*GOAL OF THE EXERCISE*: The task calls for the lines below from the line with "Шнур плетеный якорный" to the line with "Fort Collins, Colorado city areal vew.", both ends included, copied exactly, without any pictures.

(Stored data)
%%
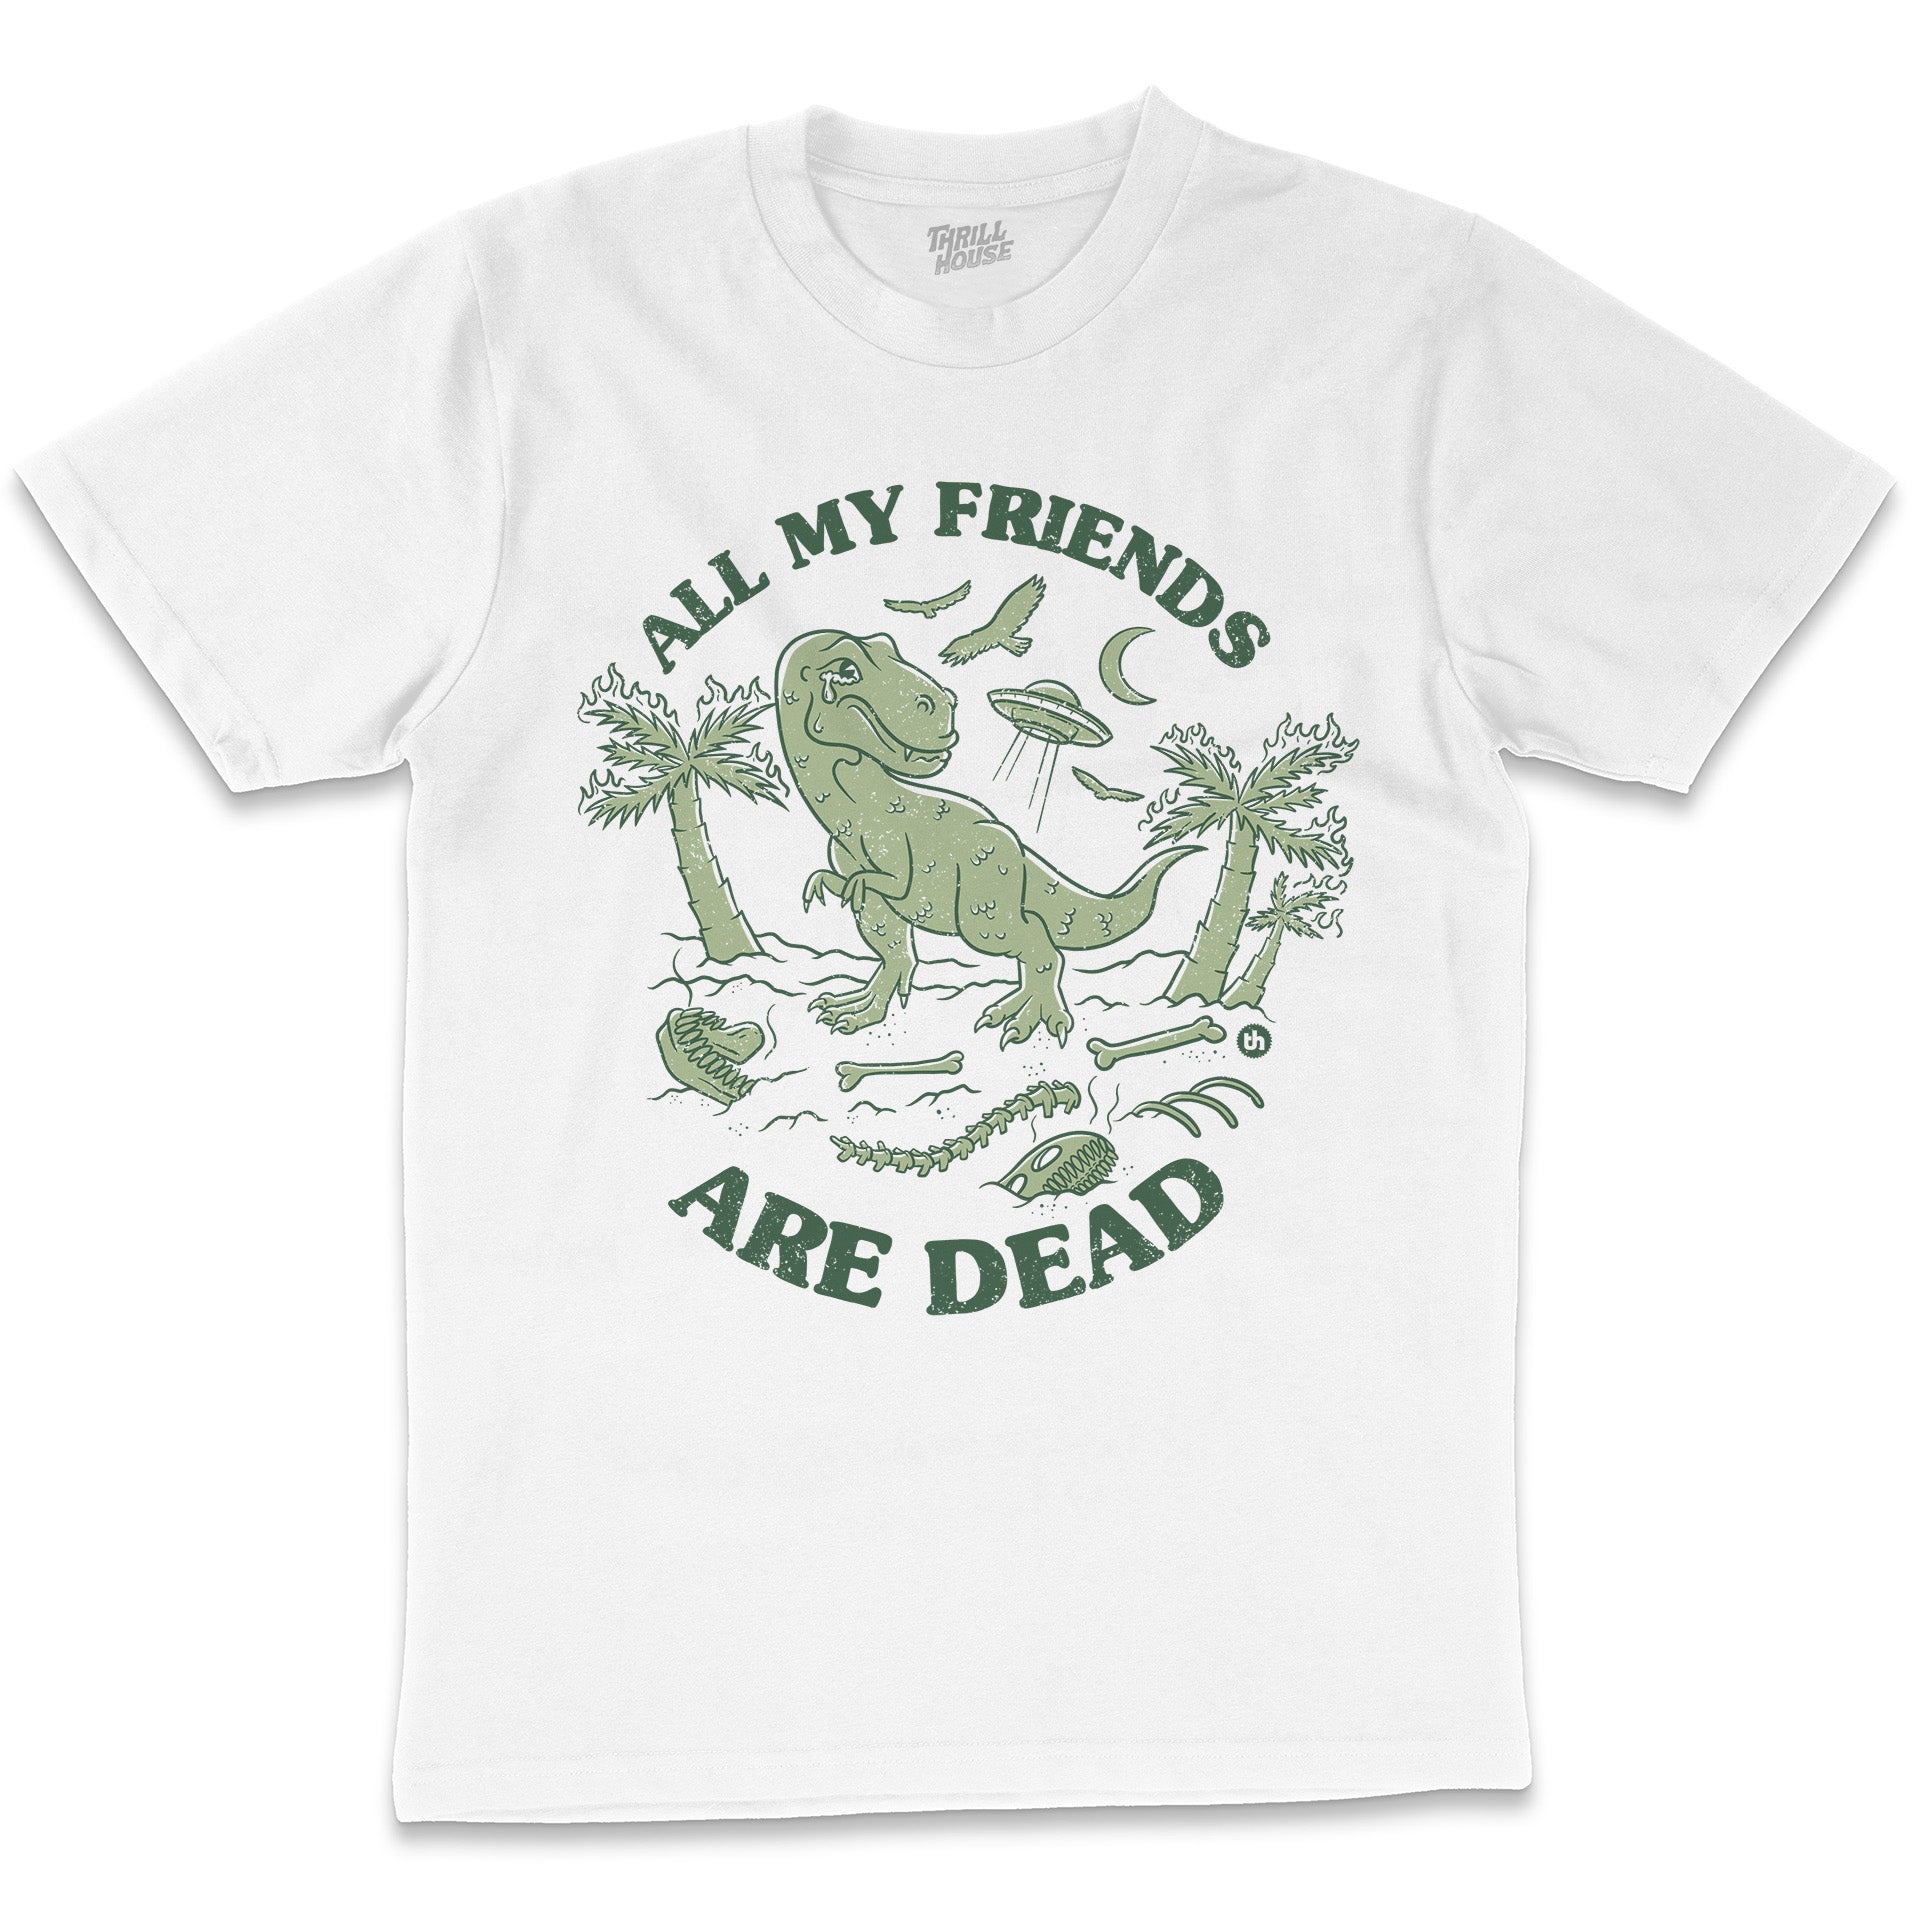 All My Friends are Dead Cool Dinosaur Jurassic Era Prehistoric Comet Earth Funny Slogan Cotton T-Shirt
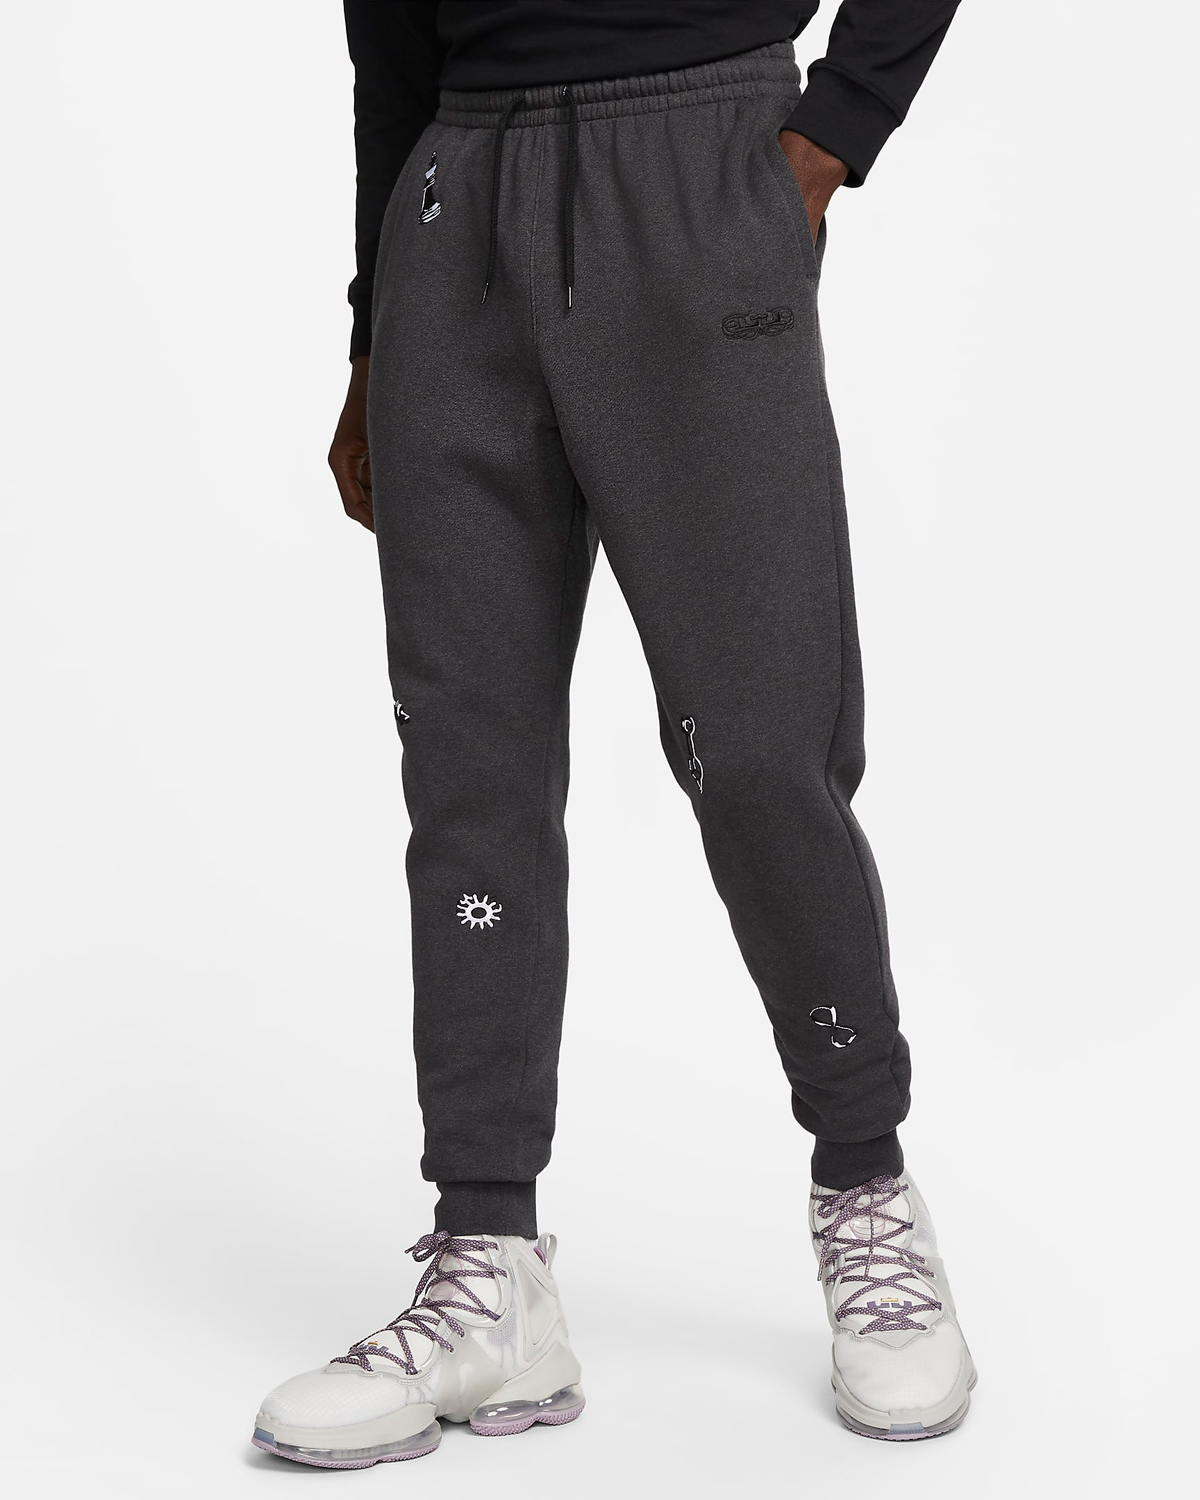 Nike-LeBron-20-Pants-Black-1
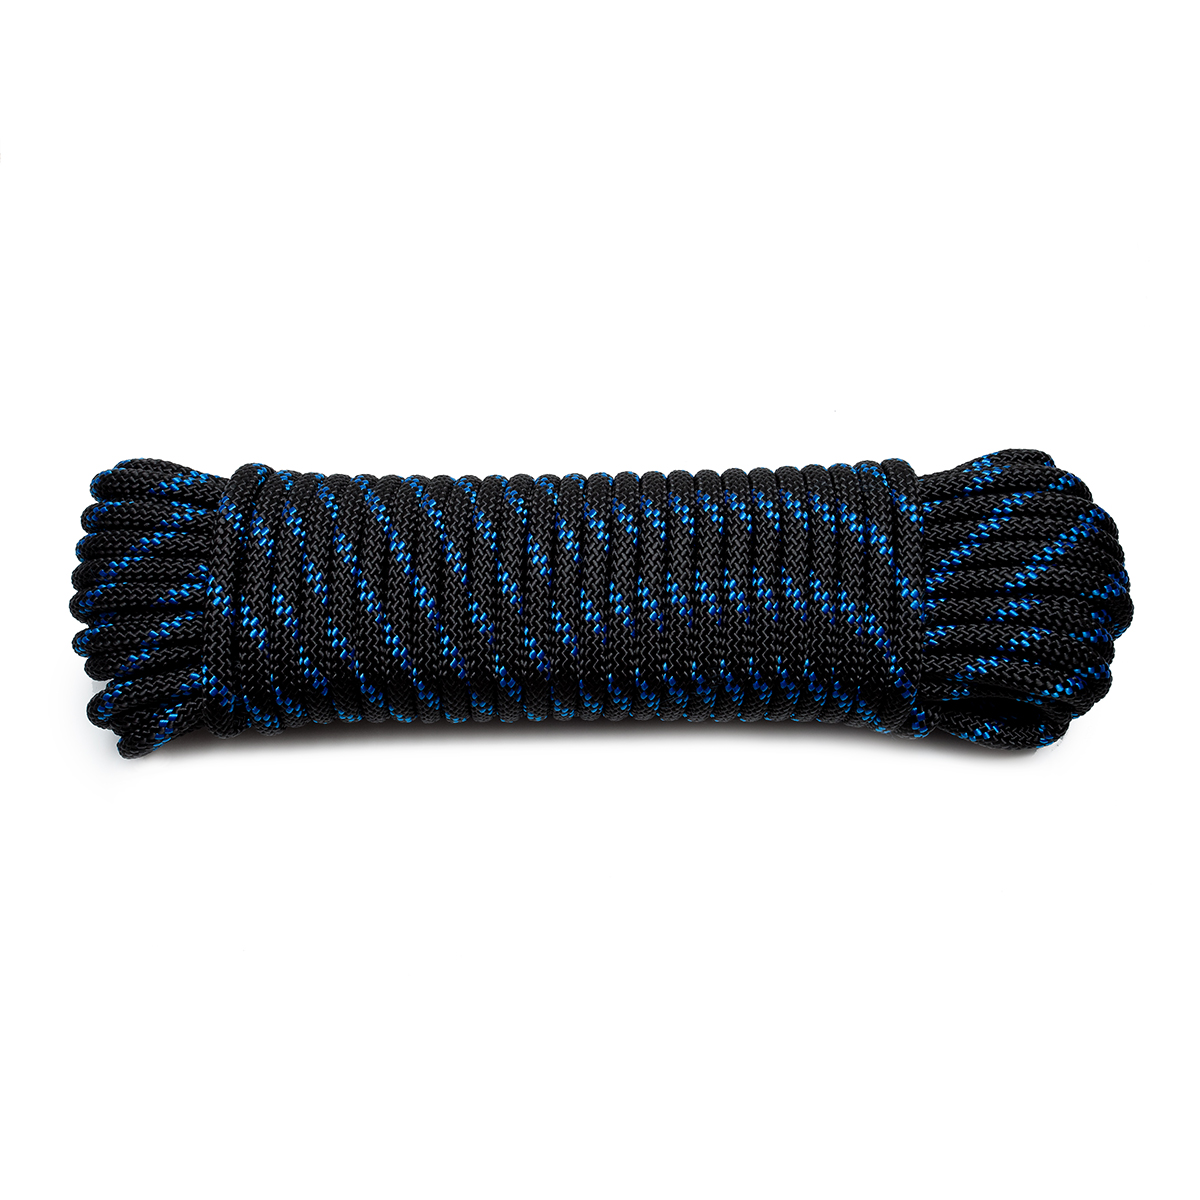 Шнур плетеный якорный Петроканат 10.0 мм, черно-синий, 1100 кг, 45 м
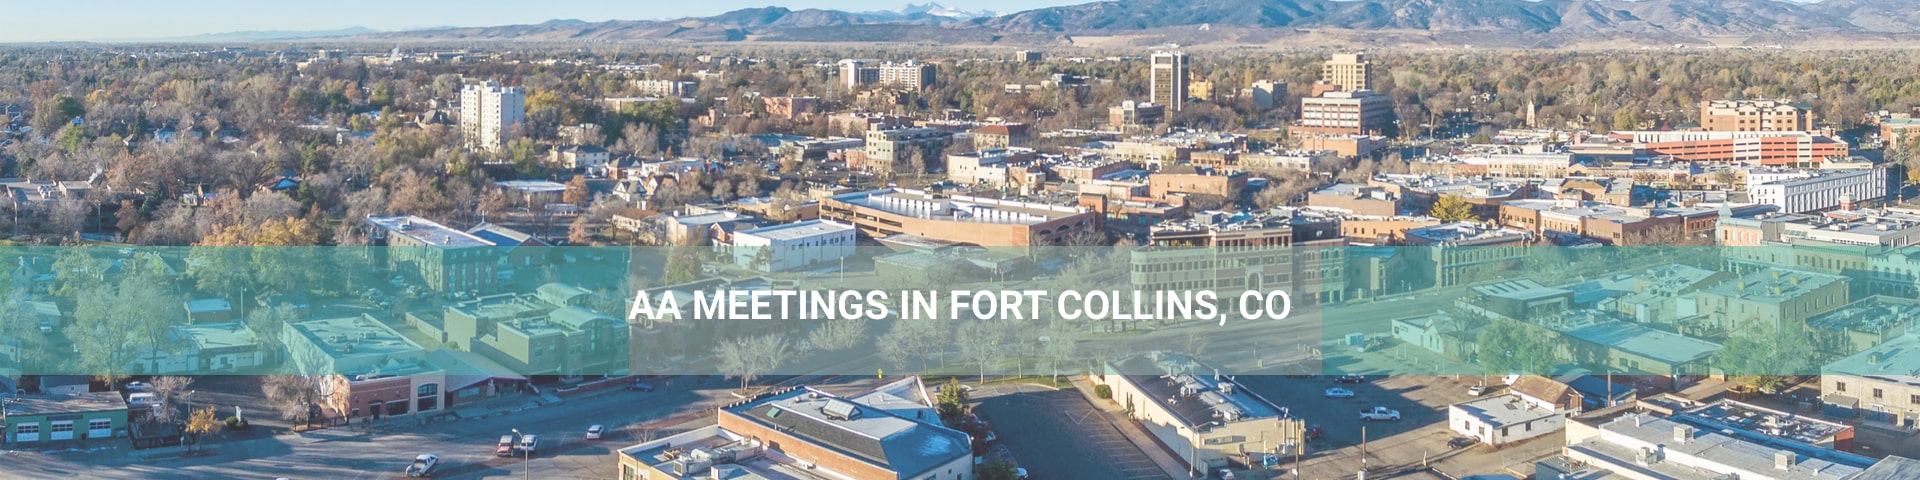 Fort Collins, Colorado city areal vew.
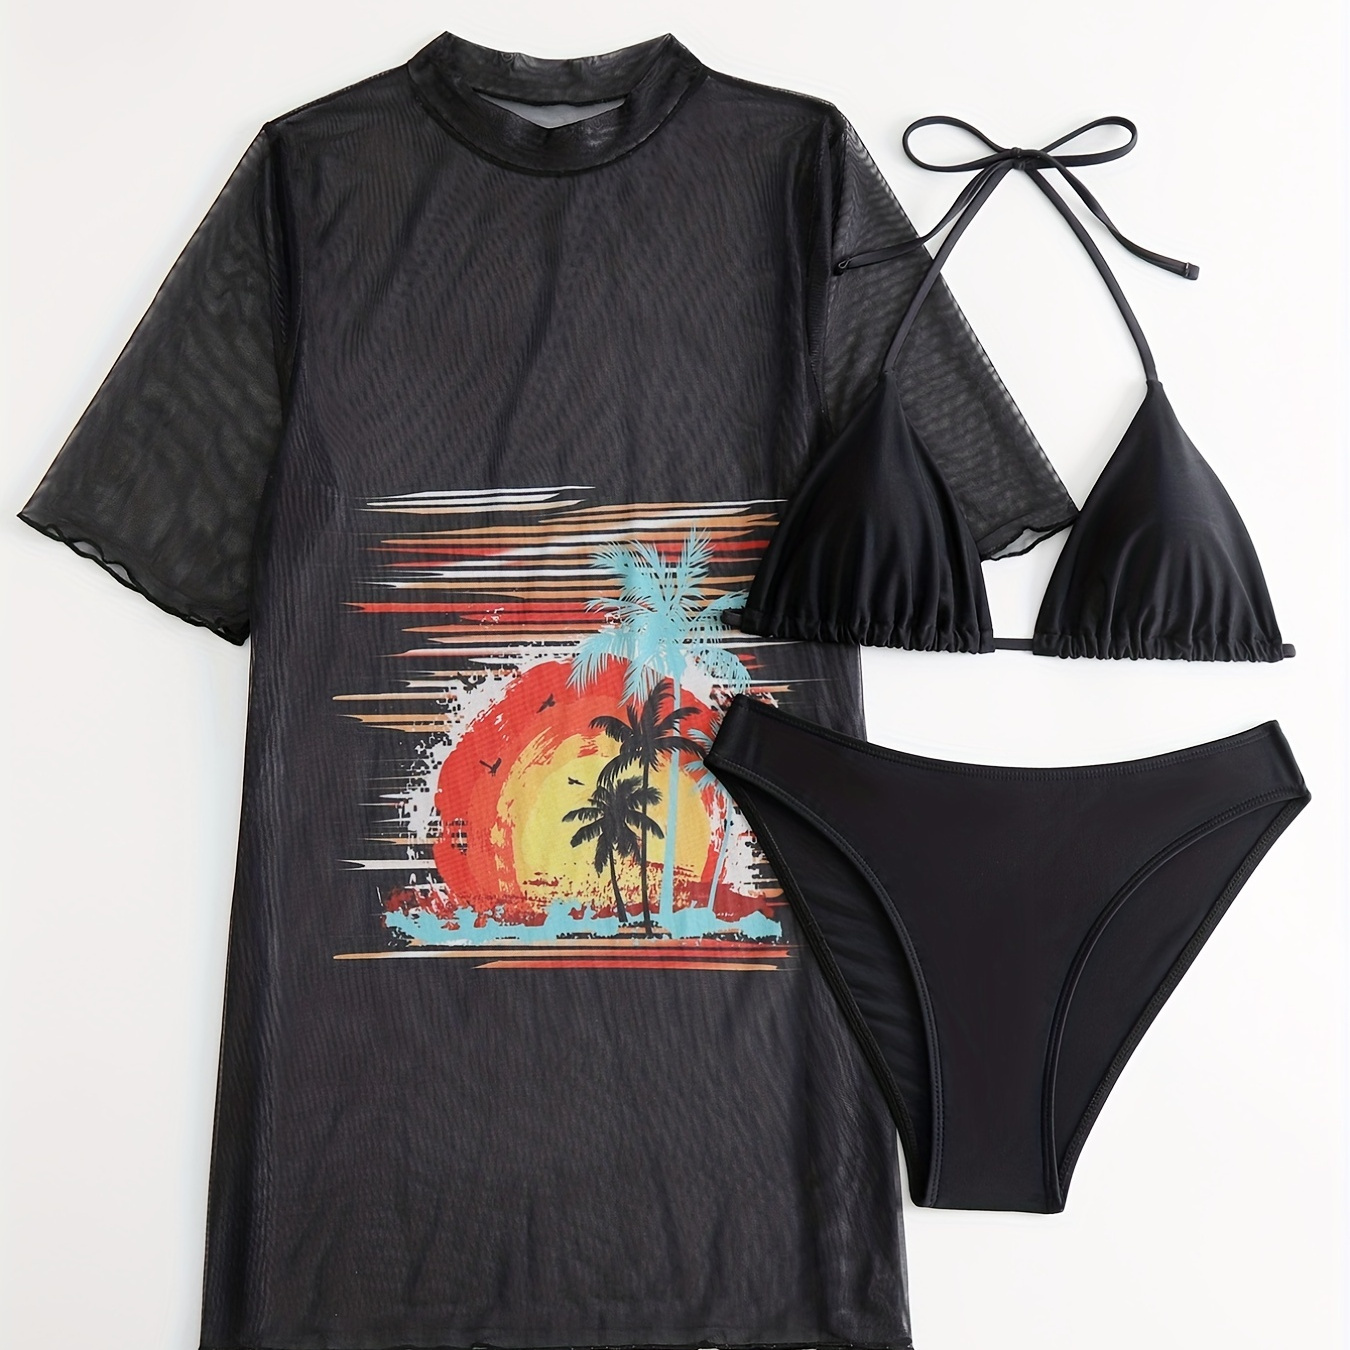 

Tropical Print Tie Neck Triangle Bikini Set, Black Halter Mesh Cover Up High Strech Swimsuit, Coconut Sunset Pattern Vacation Style 3 Piece Set, Women's Swimwear & Clothing
%%
*EXERCISE RESPONSE*:
 Шнур плетеный якорный Петроканат 10.0 мм, черно-синий, 1100 кг, 45 м
 Fort Collins, Colorado city areal vew.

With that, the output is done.